Когда Илья уходил на фронт, моему отцу было четыре года. Вот что запомнил четырёхлетний Мишка: пришёл большой человек с огромной палкой за спиной (винтовкой Мосина образца 1905 года), пришёл и сказал:
— Сядем на дорогу.
Мама, Мишка и большой человек присели. Потом человек сказал:
— Прощай, Соня. — и вышел.
А Соня и Мишка остались сидеть, и ещё долго смотрели как в огороде ходят куры, аккуратно прицеливаясь перед каждым клевком. Потом Соня пошла готовить Мишке обед. Почистила и порезала морковь и картошку, затопила плиту и сварила суп. Затеяла стирку и стирала до самой ночи. И только глубокой ночью, когда оказалась одна на большой кровати, осознала, наконец, что случилось что-то глубоко непоправимое, и что это навсегда.

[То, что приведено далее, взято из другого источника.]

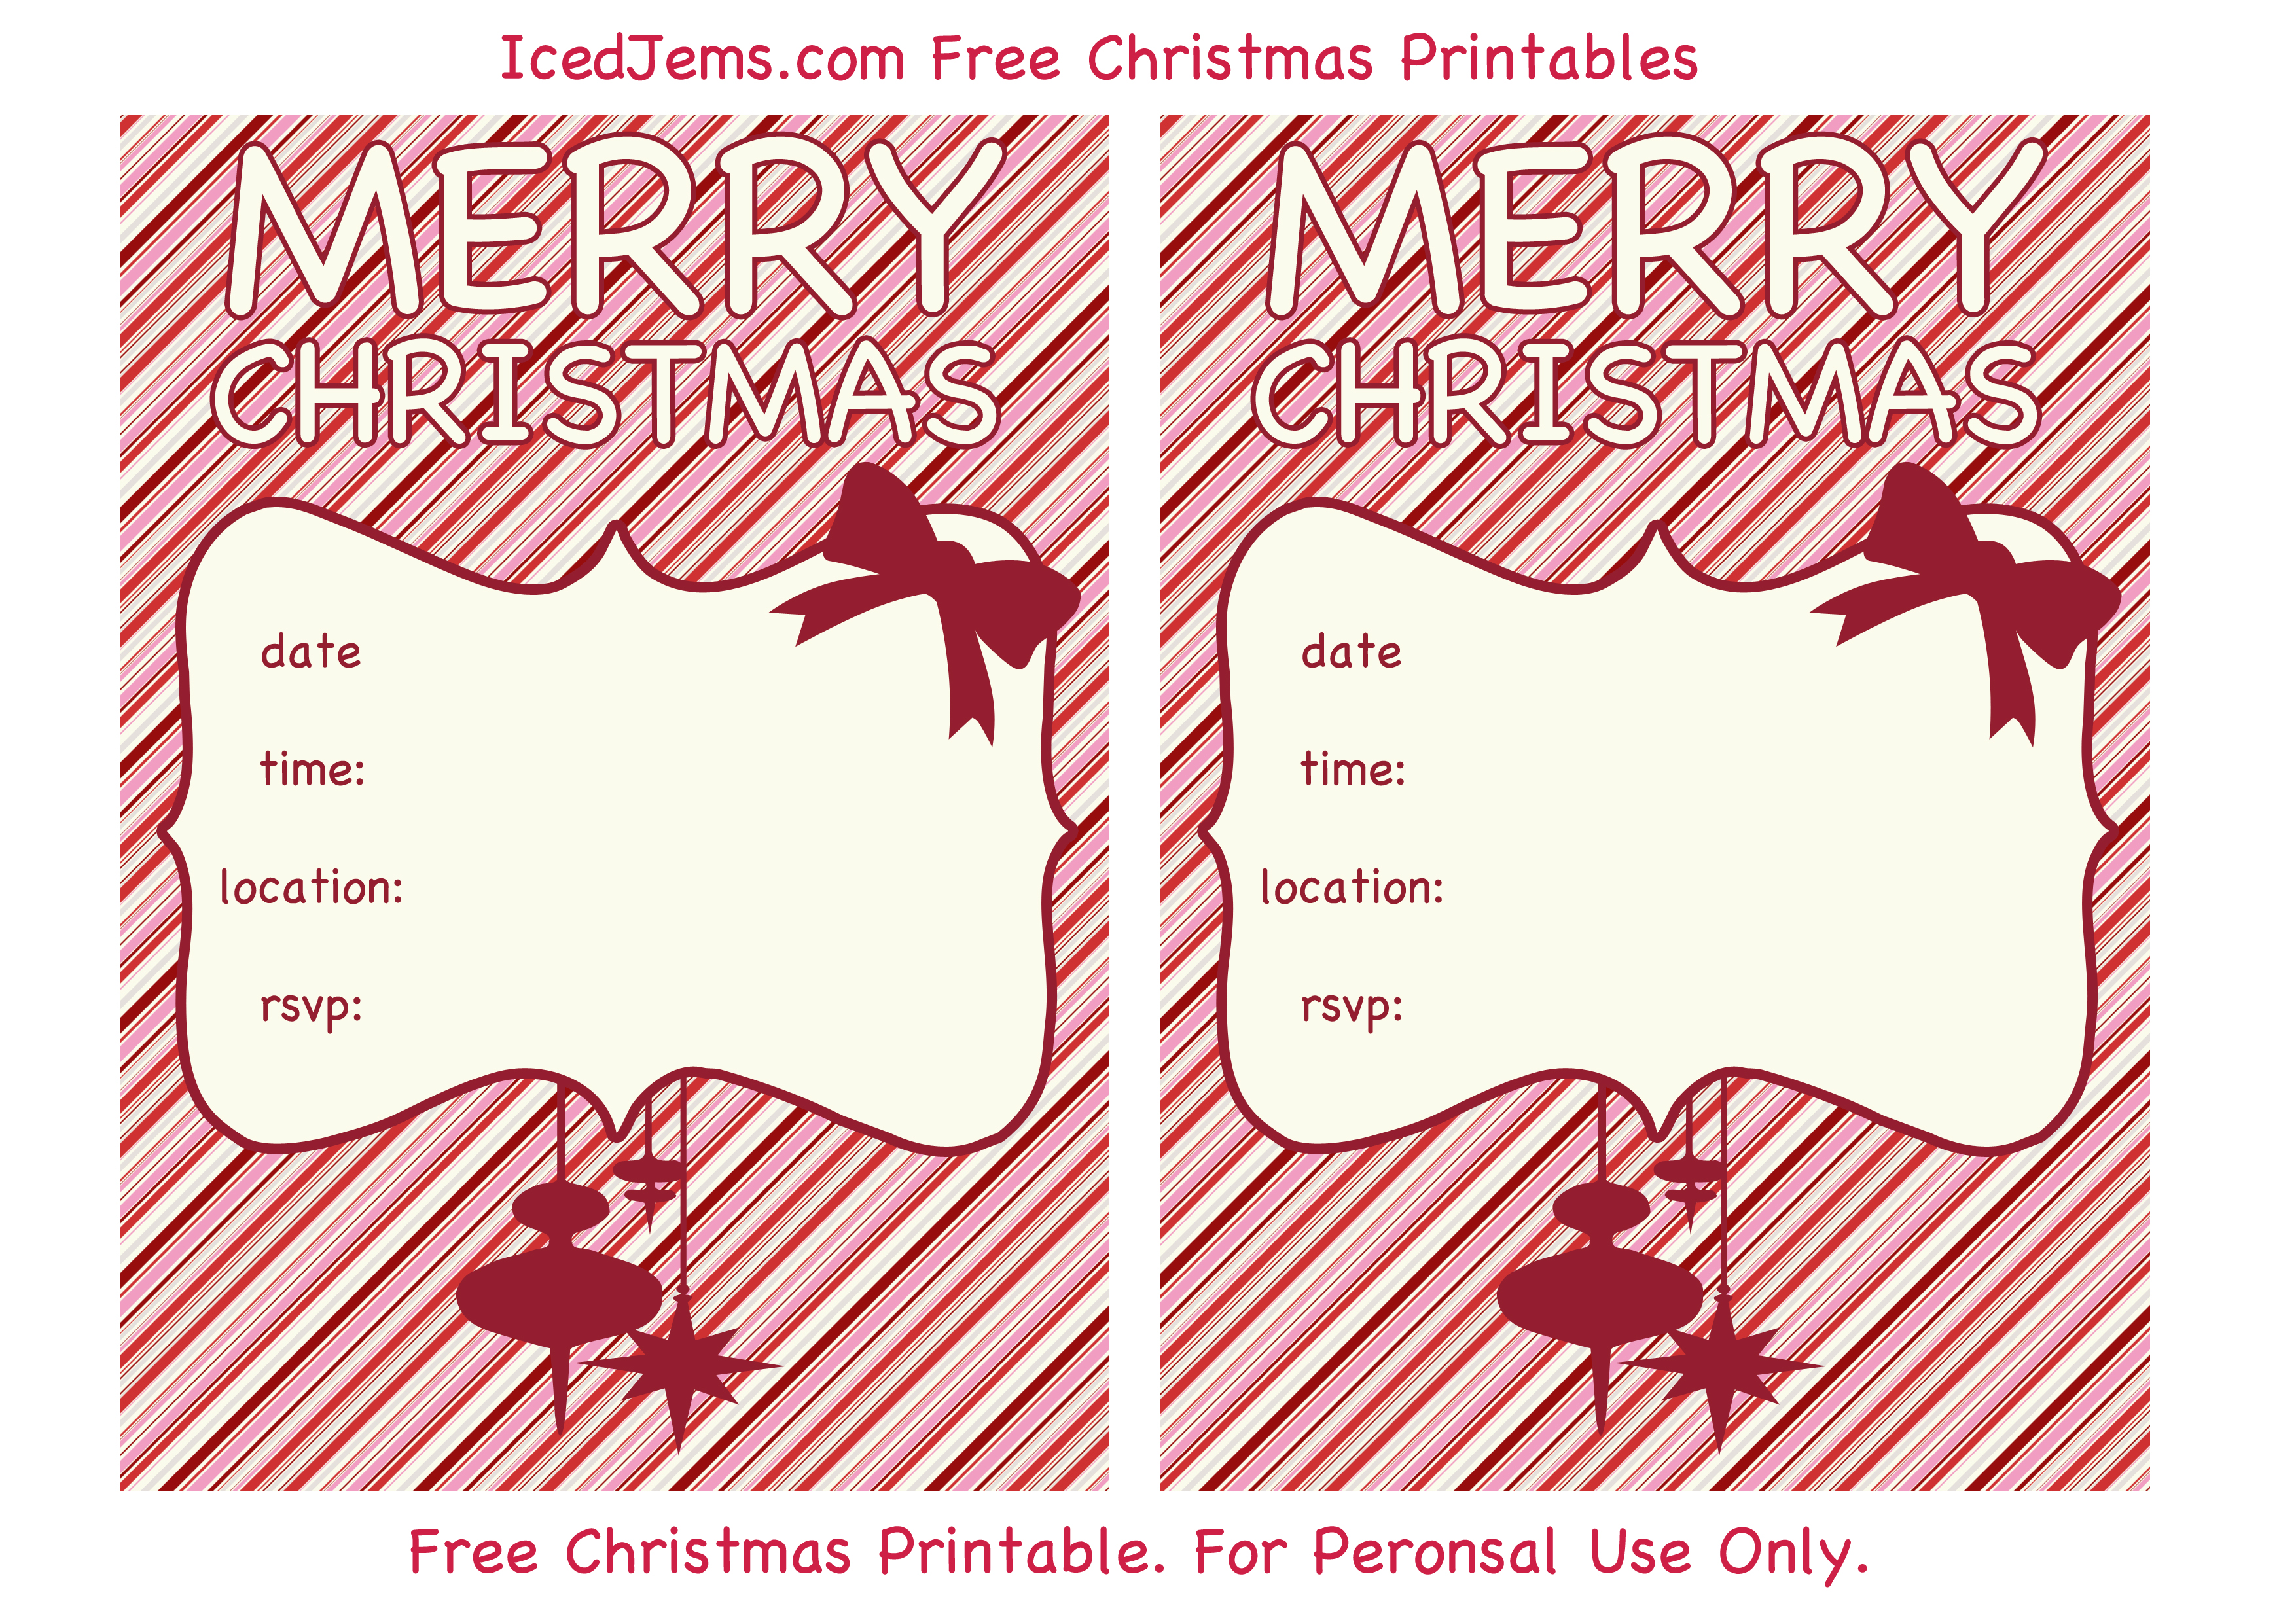 free-christmas-party-printables-iced-jems

А осознав, зарыдала и разбудила Мишку, и Мишка заплакал, и так страдали они вдвоём до утра.
Днём всё было хорошо, а ночью страдания начинались снова, пока Мишке это не надоело и он замолчал. Правда, замолчал он не только в ночное время, но и днём. Перестал разговаривать. Стал лишь мычать в ответ. Тихо мычит — «да». Громко — «нет».
Вообще, Мишкины страдания начались ещё за месяц до его рождения в 1937 году. Началось это поздним летом, когда Илья все дни и ночи проводил на лесопилке в Деребовле. Направлял просеку для новой дороги. Дорогу заказали добротную, широкую. Чтобы самая тяжёлая техника прошла. И сроки утвердили самые жёсткие. Жестокие сроки.
Ближе к вечеру подошли к Сониному дому трое. Илья в Деребовле был. Соня испугалась, но виду не подала, только Мишка выдал немного: застучал в животе. Один из троих открыл книжку маленькую, а там буквы большие: «НКВД».
— Где муж? Нам поговорить надо.
— В командировке он.
— Когда вернётся?
— Не знаю. Не скоро. Работы у него много.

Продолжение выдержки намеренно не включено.